Deep Learning Model to Generate Text using Keras LSTM

Deep Learning is a topic that I had been avoiding for some time now. Somehow, its potential is intimidating. I always felt that Deep Learning Models are complex and not-so-easy to work with on my Mac OSx. I was worried that I will not be able to fit a Model and then finally see some output. But then, I built a Deep Learning Model to Generate Text or a Story using Keras LSTM with a very little glitch.

Honestly, I was only stuck at the first step while installing Keras and TensorFlow. I work on Jupyter Notebook and I spent a few hours just to write “import Keras” and get it to work. I was on the verge of giving up when I find a solution to install Keras and TensorFlow.

Once I installed and Import Keras, I realized that Keras is precisely what it says – a perfect API that facilitates being able to go from idea to result as fast as possible. So, my understanding is how the algorithm actually works, that’s complex! But to make it work is not complex at all. It is liberating to realize that it is okay to think of an idea and be sure that Keras will have your back!

But again, there is an inquisitive mind that keeps on asking – What is a Neural Network? What is a Recurrent Neural Network? What is LSTM? How Keras is so cool? Right? I definitely need to understand how the API actually works and that is a post for some other day.

So, today, I am going to work on Generating Text or a Story using Keras LSTM. Let’s get started!

DATA

To build a Text Generating Model, we need some text data. A good thing is that now we can download the classics for free and use them in creating generative models. Perhaps the best place to get access to free books that are no longer protected by copyright is Project Gutenberg.

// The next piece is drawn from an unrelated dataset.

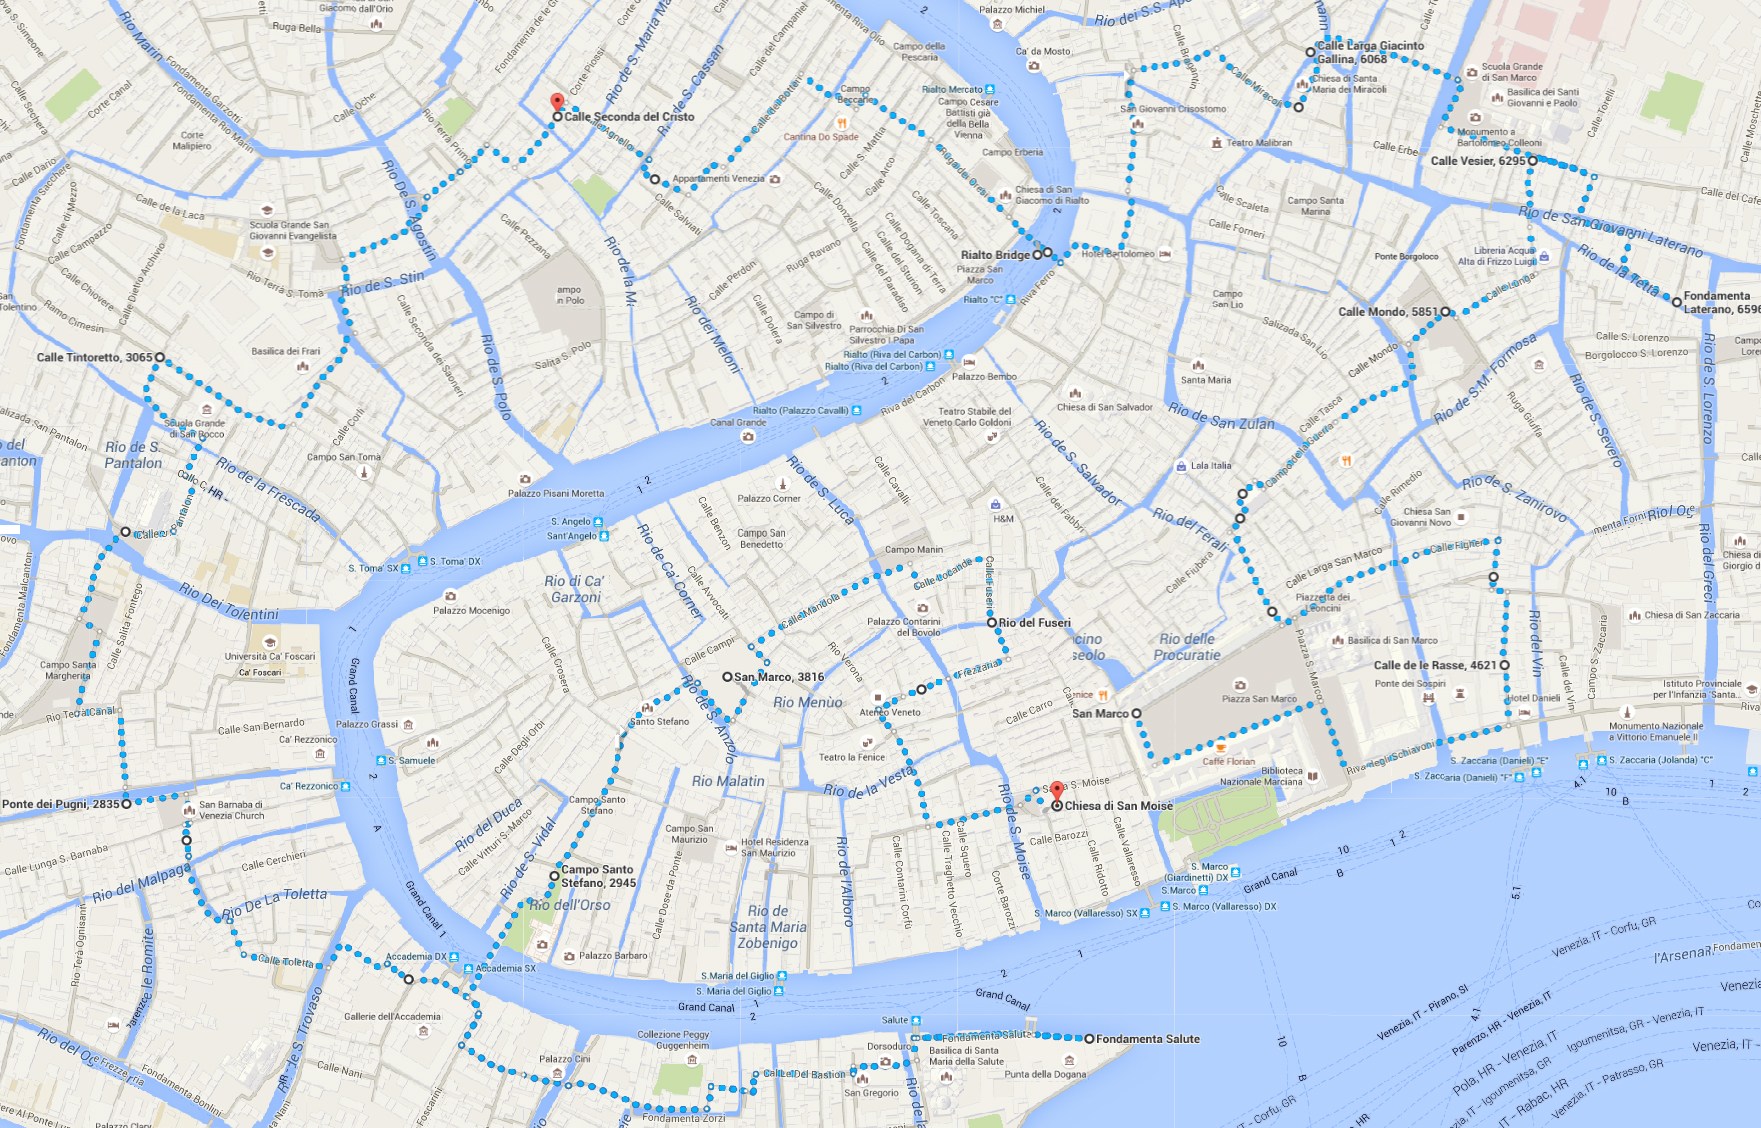 Venice Walking Tour Map Pdf

I will use “Pride And Prejudice” By Jane Austen as the Dataset for this project. You can download any book you like and you just need to save it as a text (.txt) file and delete the Gutenberg header and footer embedded in the text. Or, you can download the Dataset that I have used from my Github.

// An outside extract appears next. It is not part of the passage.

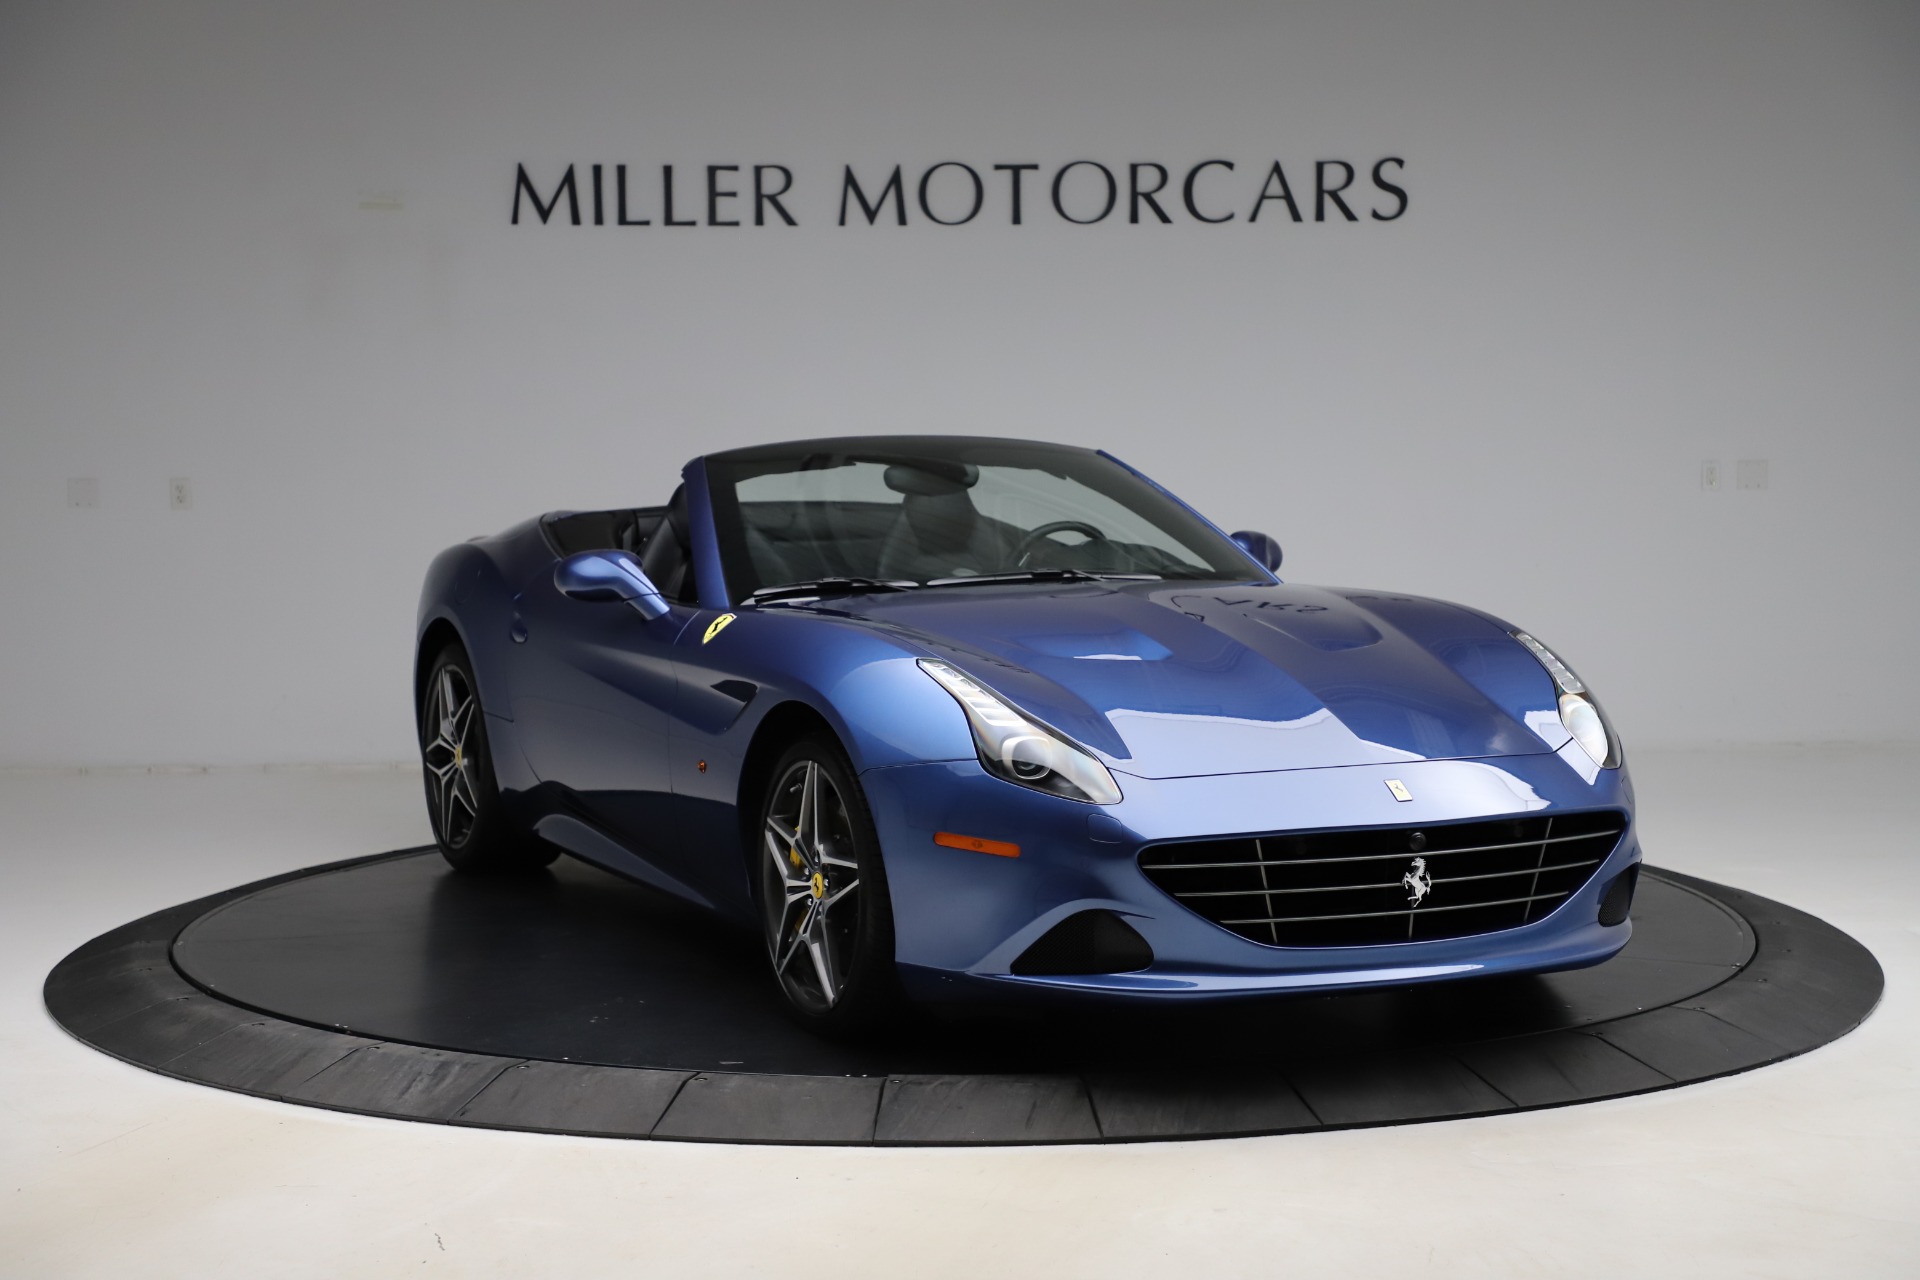 PreOwned 2018 Ferrari California T For Sale () Miller Motorcars

Text Generation using Pride and Prejudice Text

Now, as we have the Data ready to use, we can start our project.

Develop a Text Generating Model using Keras LSTM

We will develop a simple LSTM Network to learn sequences of characters from Pride and Prejudice. Then, we will use this model to generate new sequences of characters.

Import Libraries

First, import all the Libraries required for this project.

 ##Import Keras
 from keras.models import Sequential
 from keras.layers import Dense
 from keras.layers import Dropout
 from keras.layers import LSTM
 from keras.utils import np_utils
 ##Import Other Libraries
 import numpy as np
 import pandas as pd
Load Data

Now, we need to load the text data and convert all the text in lowercase to reduce the vocabulary that the network must learn.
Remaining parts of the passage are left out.